Given material: Begin
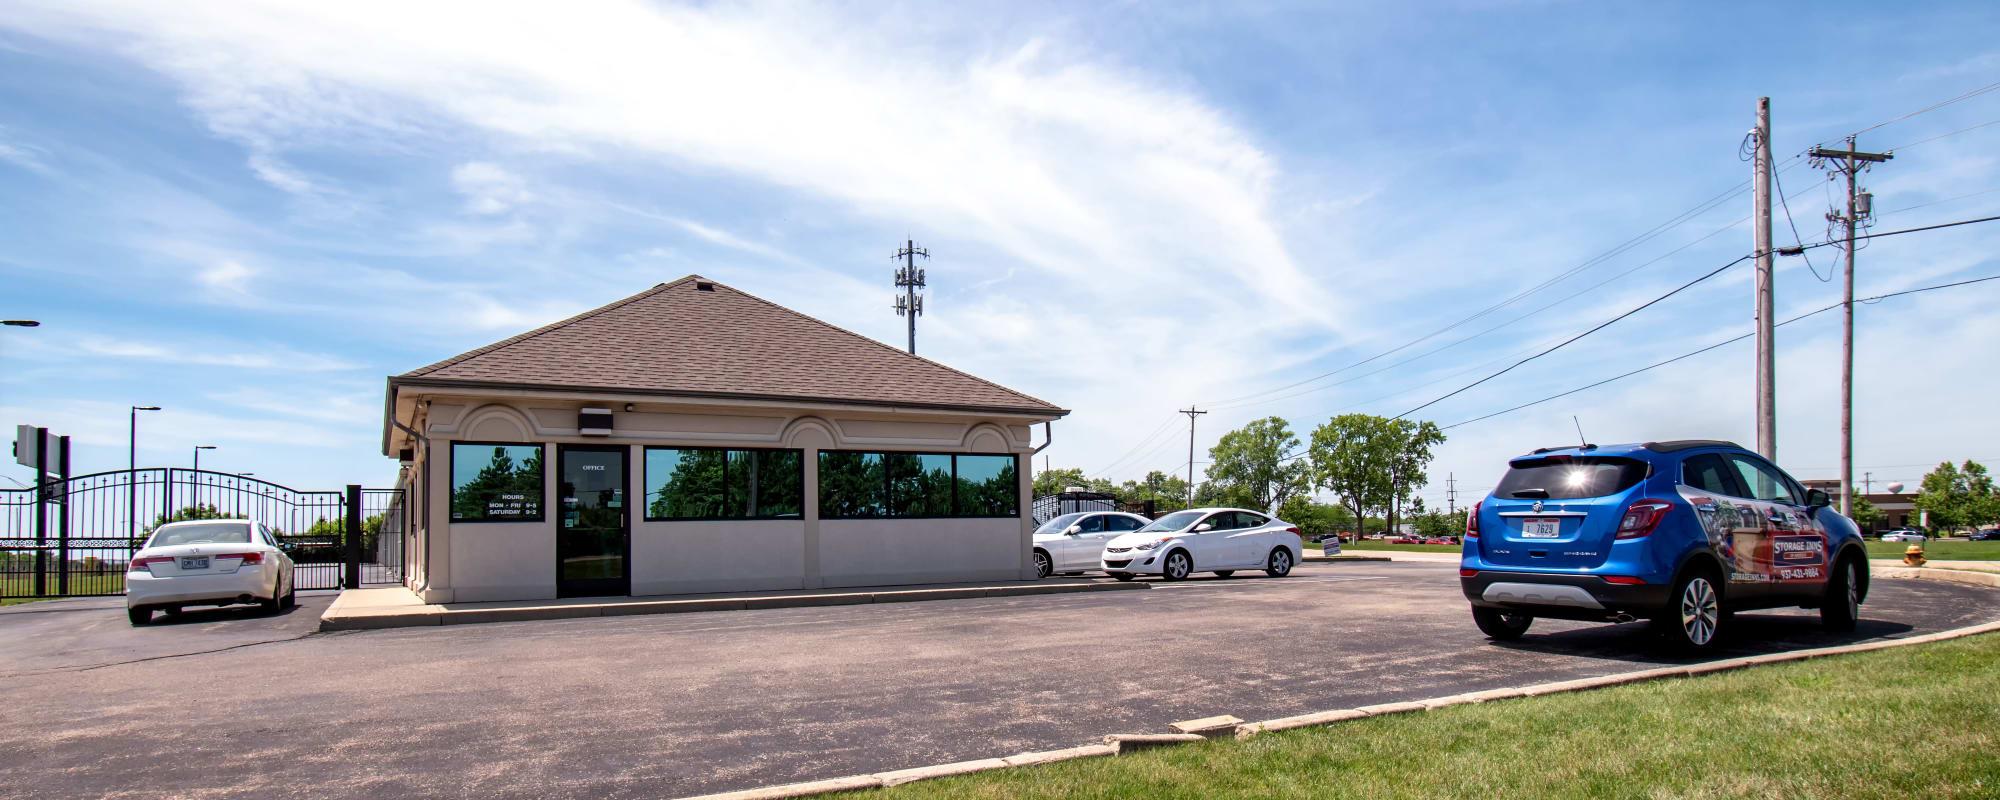 Storage Inns of America in Beavercreek, Ohio
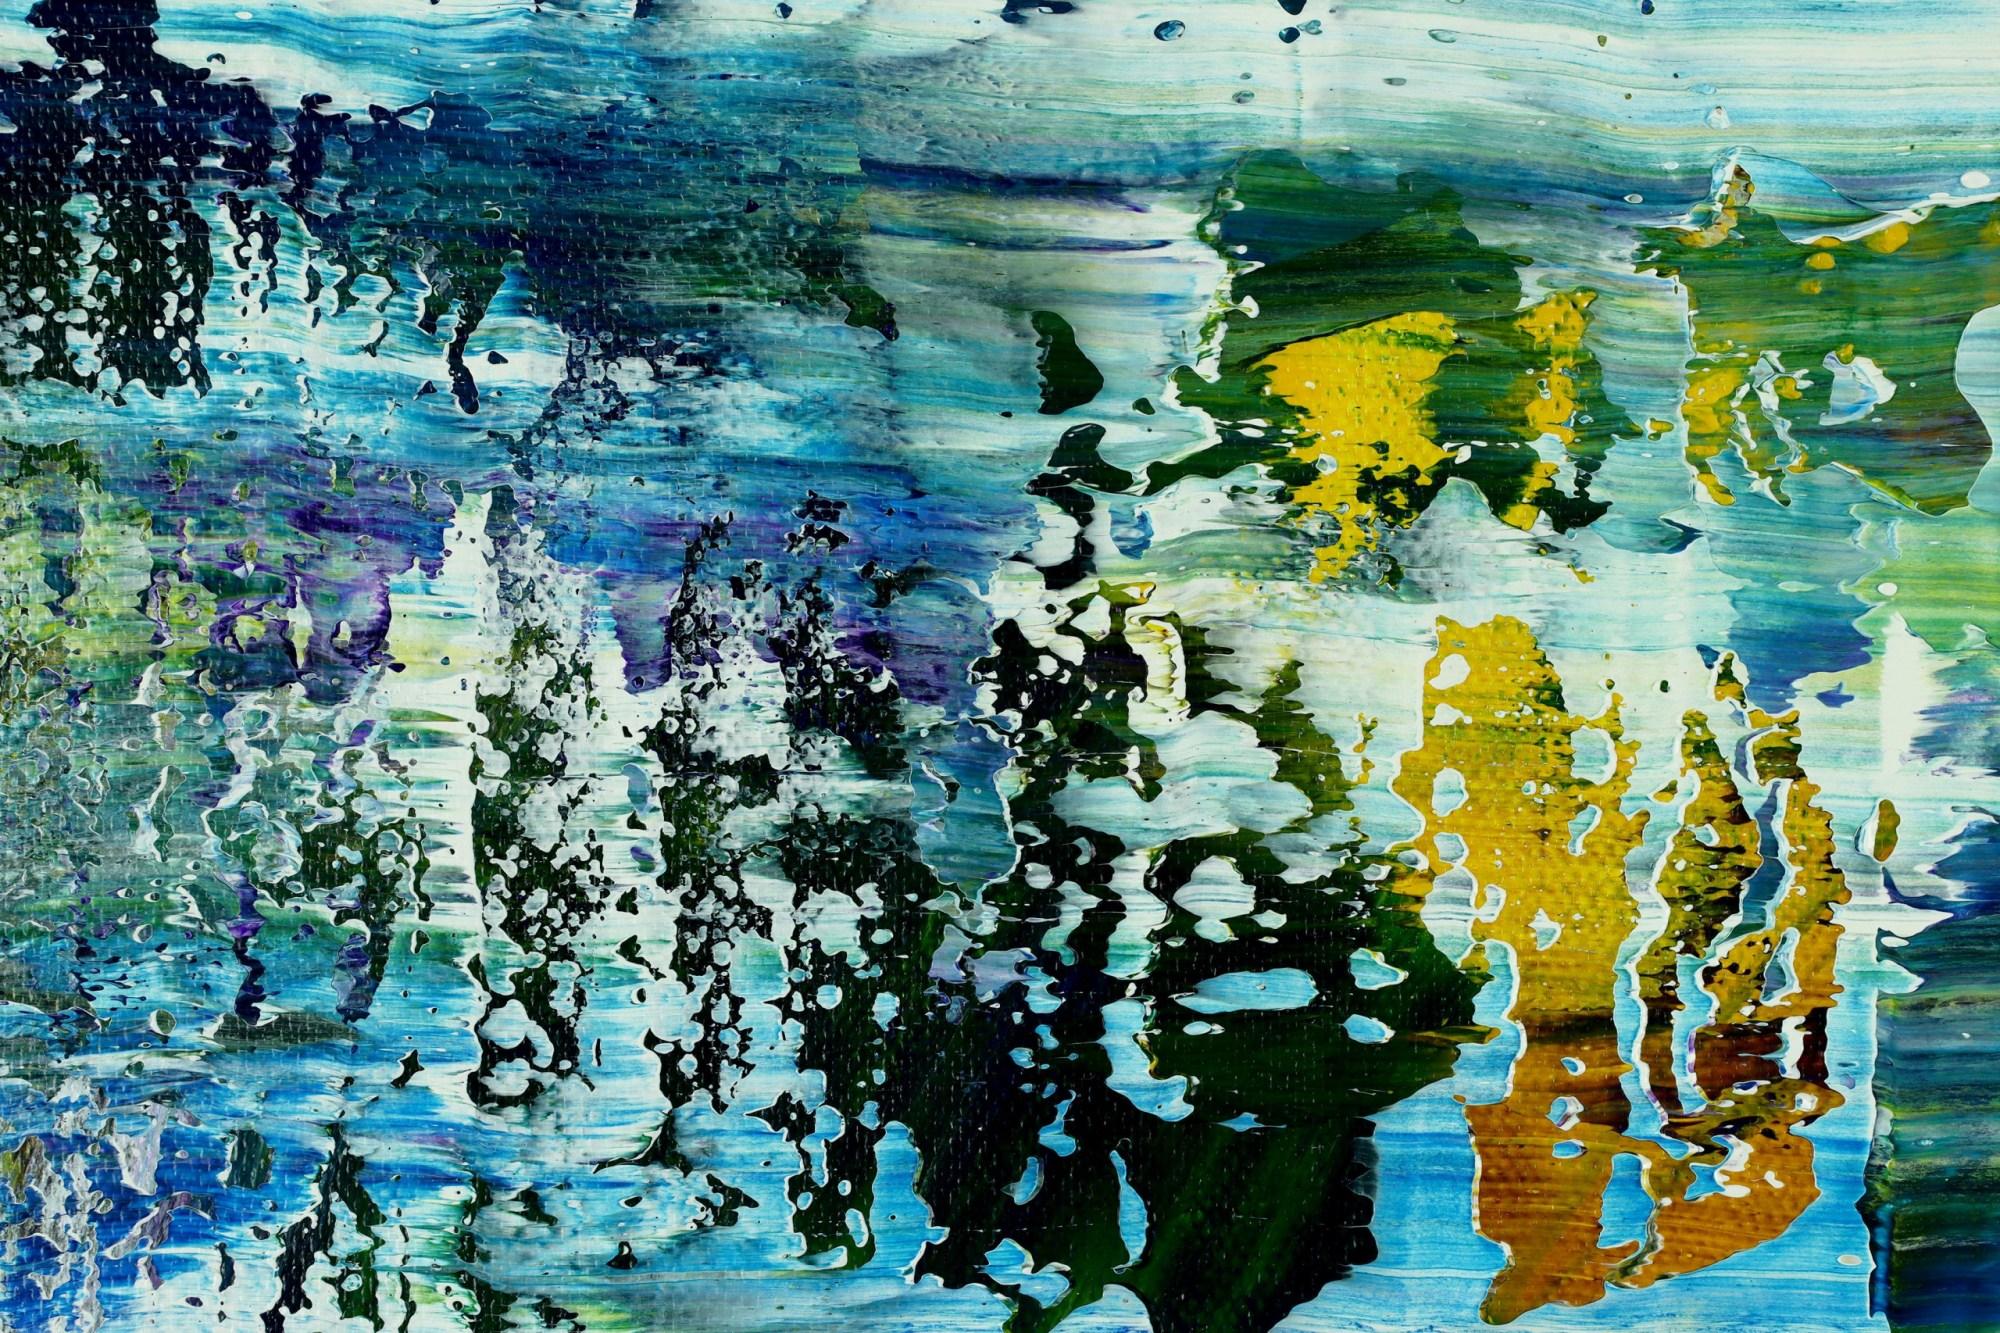 DETAIL / Under Water (Caribbean Ocean) (2021) / Artist: Nestor Toro
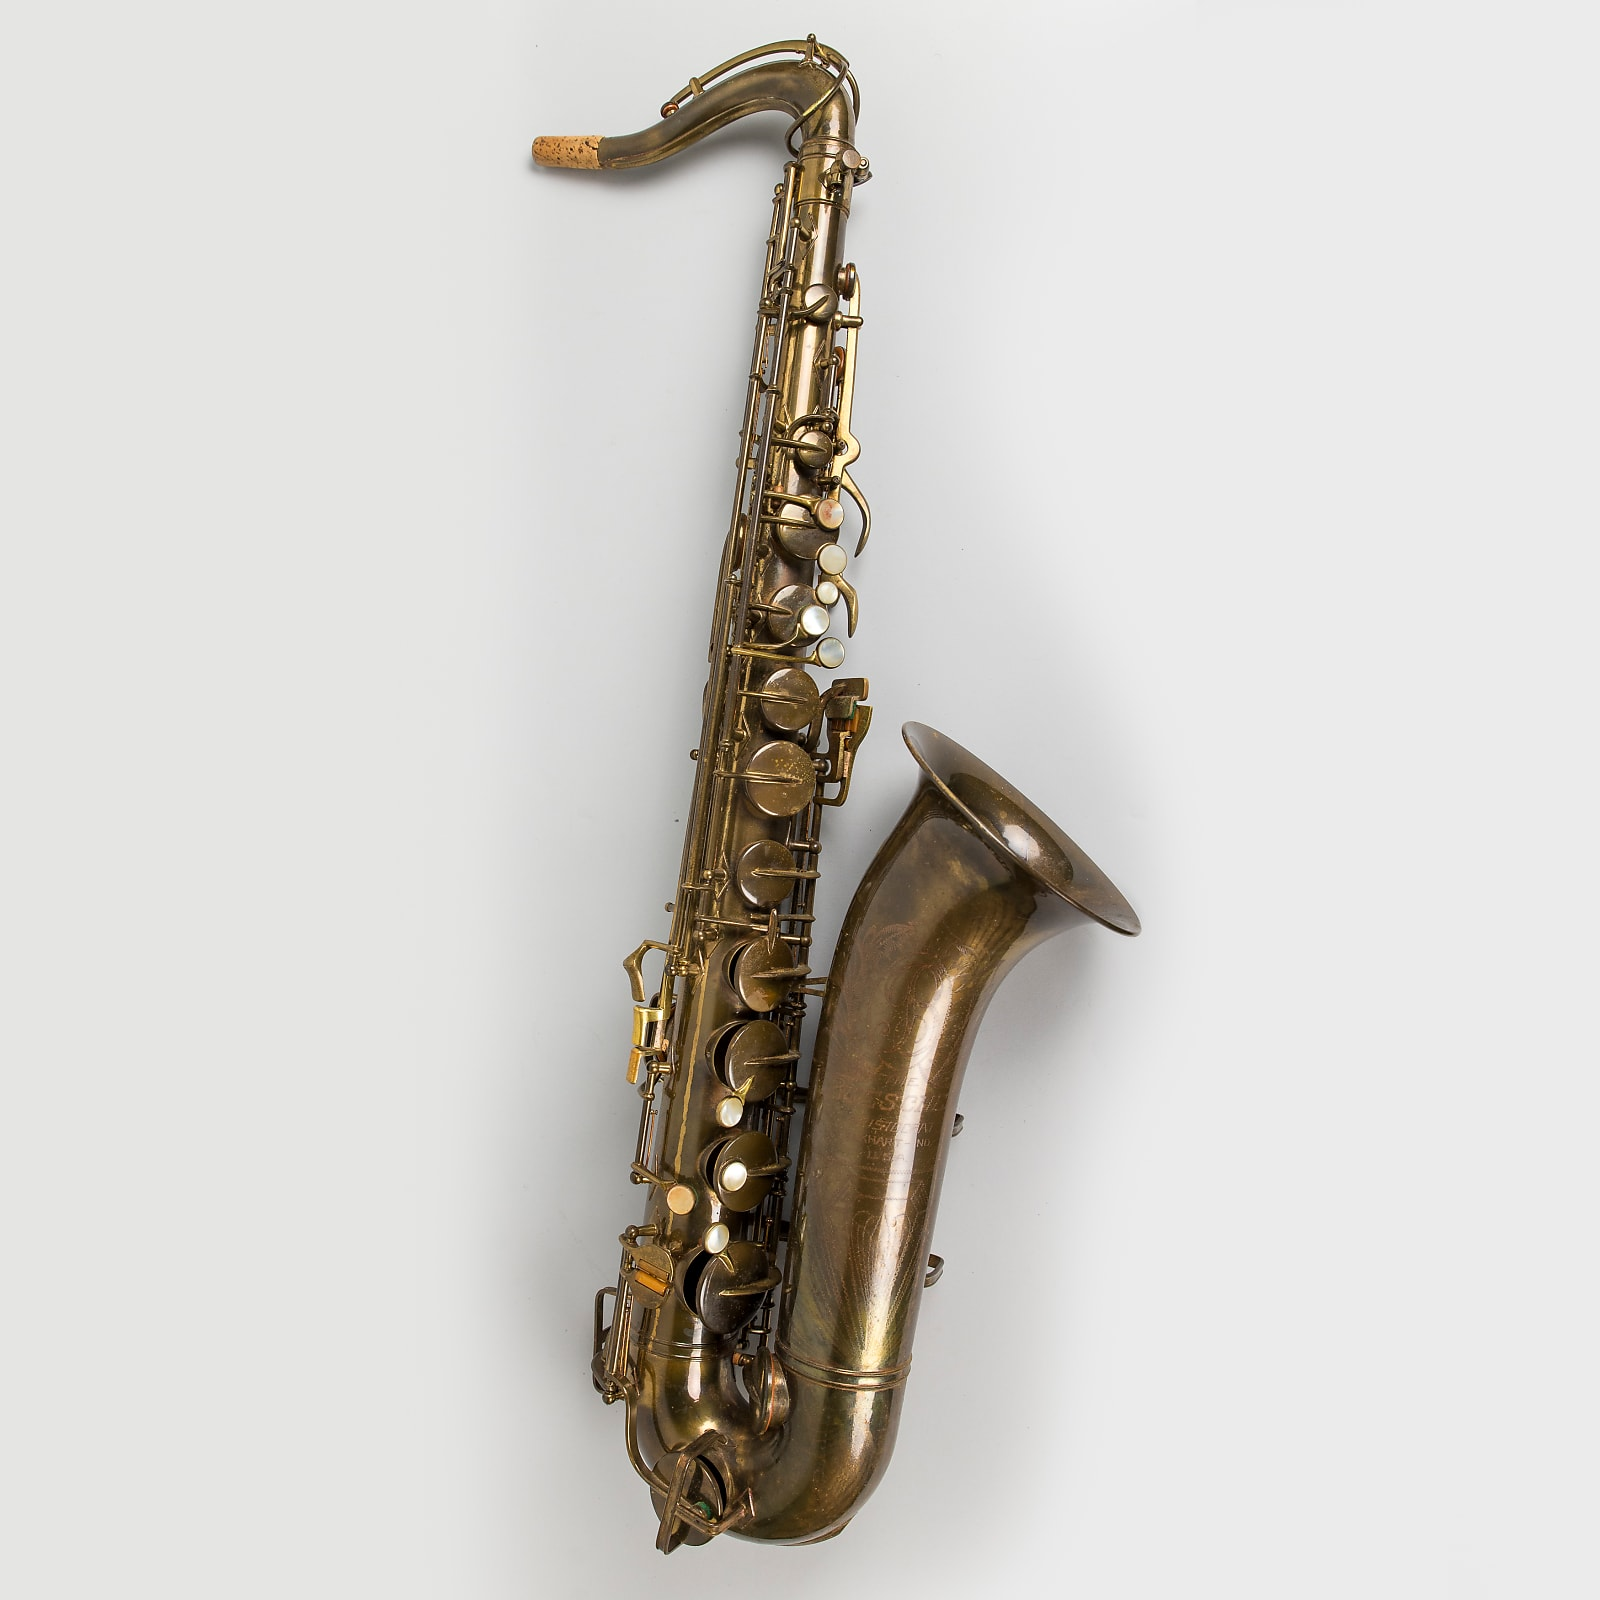 Vintage ~1948 Buescher Big B Tenor Saxophone
Given material: End
Directions for this task → All of the lines above should be copied exactly, apart from the pictures.

Response area →
 Storage Inns of America in Beavercreek, Ohio
 DETAIL / Under Water (Caribbean Ocean) (2021) / Artist: Nestor Toro
 Vintage ~1948 Buescher Big B Tenor Saxophone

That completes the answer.